Further advantageous embodiments and improvements of the invention can be found in the further subclaims.

With reference to the drawings, in which three embodiments of the invention are shown, the invention, further advantageous embodiments and improvements of the invention and further advantages will be explained and described in detail. Show it

1 is a schematic representation of a drive device,

Figures 2 and 3 a first embodiment of the invention in different

 positions

FIGS. 4 to 7 show a further embodiment of the invention in different positions,

Fig. 8 shows a third embodiment of the invention with manual drive, and

9 is a schematic representation of an end region of

 Slotted link pieces with a lock.

Reference is made to FIG. 1.

An electrical switching device 10, shown schematically in FIG. 1, which is a three-position switching device, that is, which can assume a grounding position, a disconnected position and a closed position, has a movable contact piece 11, which is arranged in a cable run 12 within a metal-enclosed switchgear. This movable contact piece 11 can take three positions; in one position, the movable contact piece 11 is in communication with a stationary contact piece 13 located at high-voltage potential; in a further position is the movable contact piece 11 with a grounded contact piece 14, also called Erdungskontaktstück 14, in conjunction and in the third, drawn position, the contact piece 11 is at a sufficient distance from the fixed, located at high voltage potential contact piece 13 and the fixed grounding contact piece 14; this position is the so-called separation position.

The movable contact piece 11 is driven by a drive device 15 which has a drive spindle 16 which has an external thread 17 on which a carriage 18 is guided such that the carriage 18 moves in a rotation of the spindle 16 either upwards in the direction of arrow P1 or down in the direction of arrow P2. The drive spindle 16 is rotated by means of a gear consisting of two gear wheels 19 and 20, which is driven by an electric motor 21 in rotation. The carriage 18 is a driver 22, which, as can be seen from Figures 2 to 7, moves in the direction of arrow P1 and P2 and can be fixed in three positions.

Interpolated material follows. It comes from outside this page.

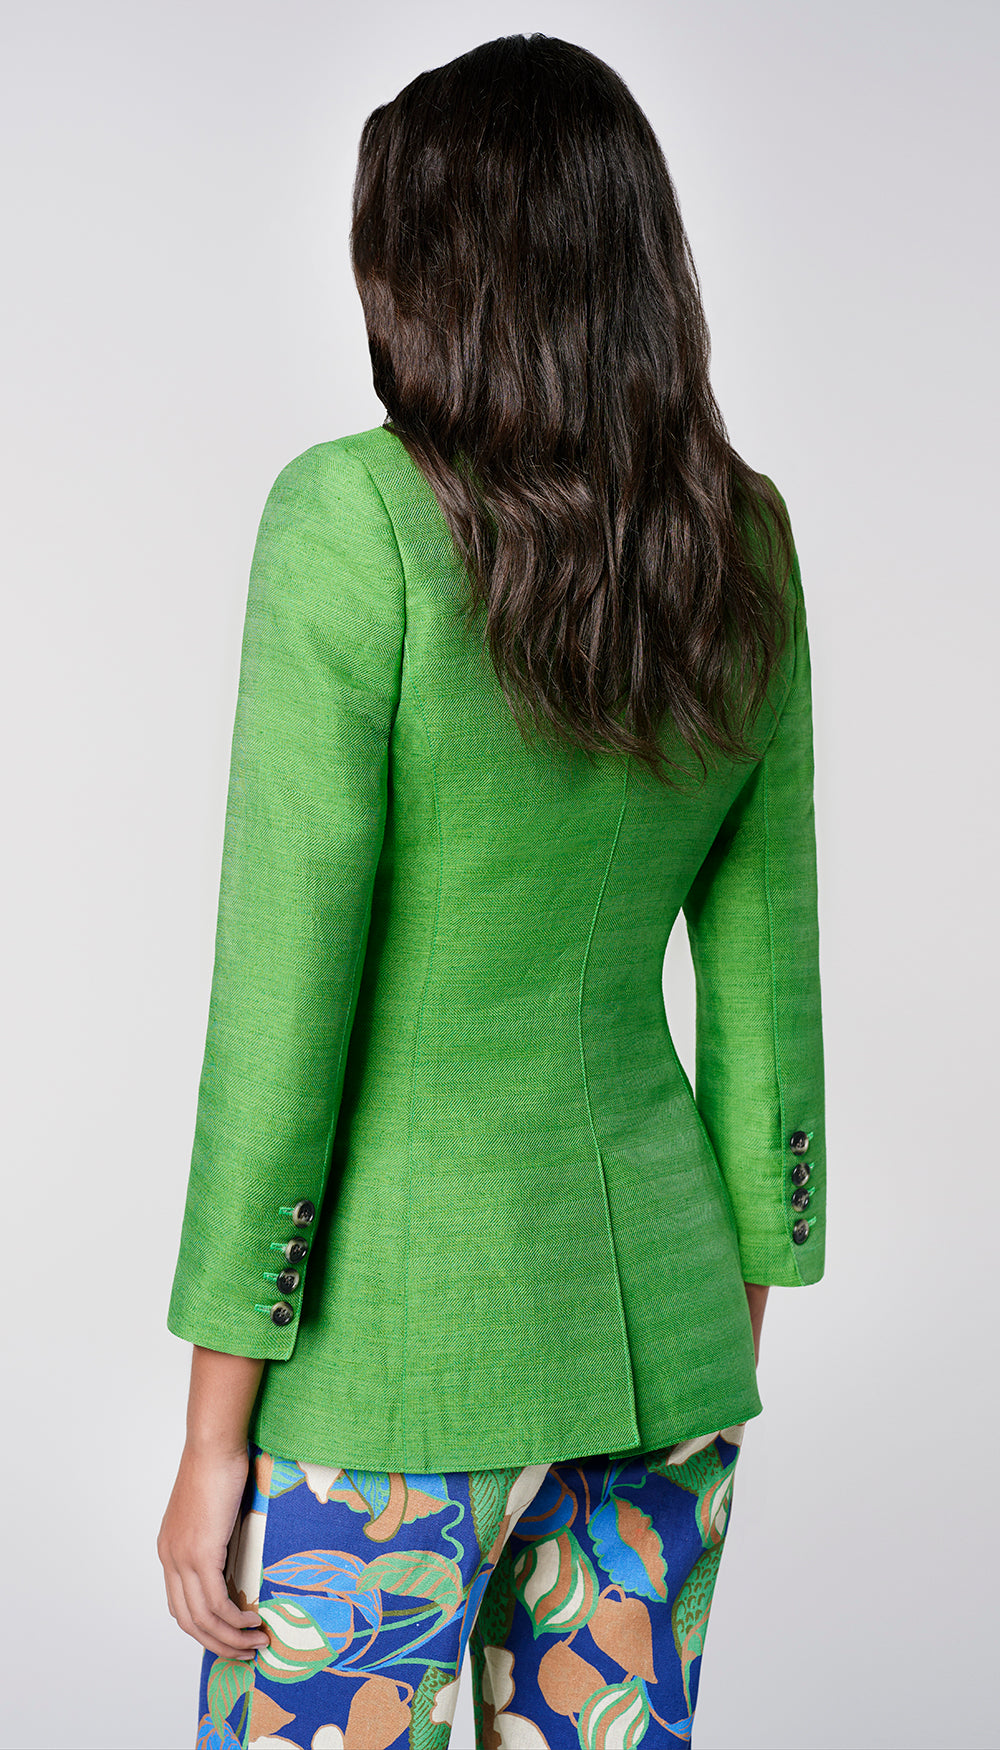 The back of a woman in a green blazer.

For this purpose, the drive device has two link pieces 23 and 24, of which the one link piece 23 has three recesses 25, 26 and 27, whereas the other link piece 24 has a flat surface 28, against which the open sides of the recesses 25 to 27 are directed ,

The one link piece 23 can be actuated by means of a stationary magnet system 29, specifically in the direction of the arrow P3; It can therefore be separated from the other gate piece 24 accordingly.

Fig. 2 shows the driver 22 in its middle position, ie in the position in which the driver 22 is located in the central recess 26.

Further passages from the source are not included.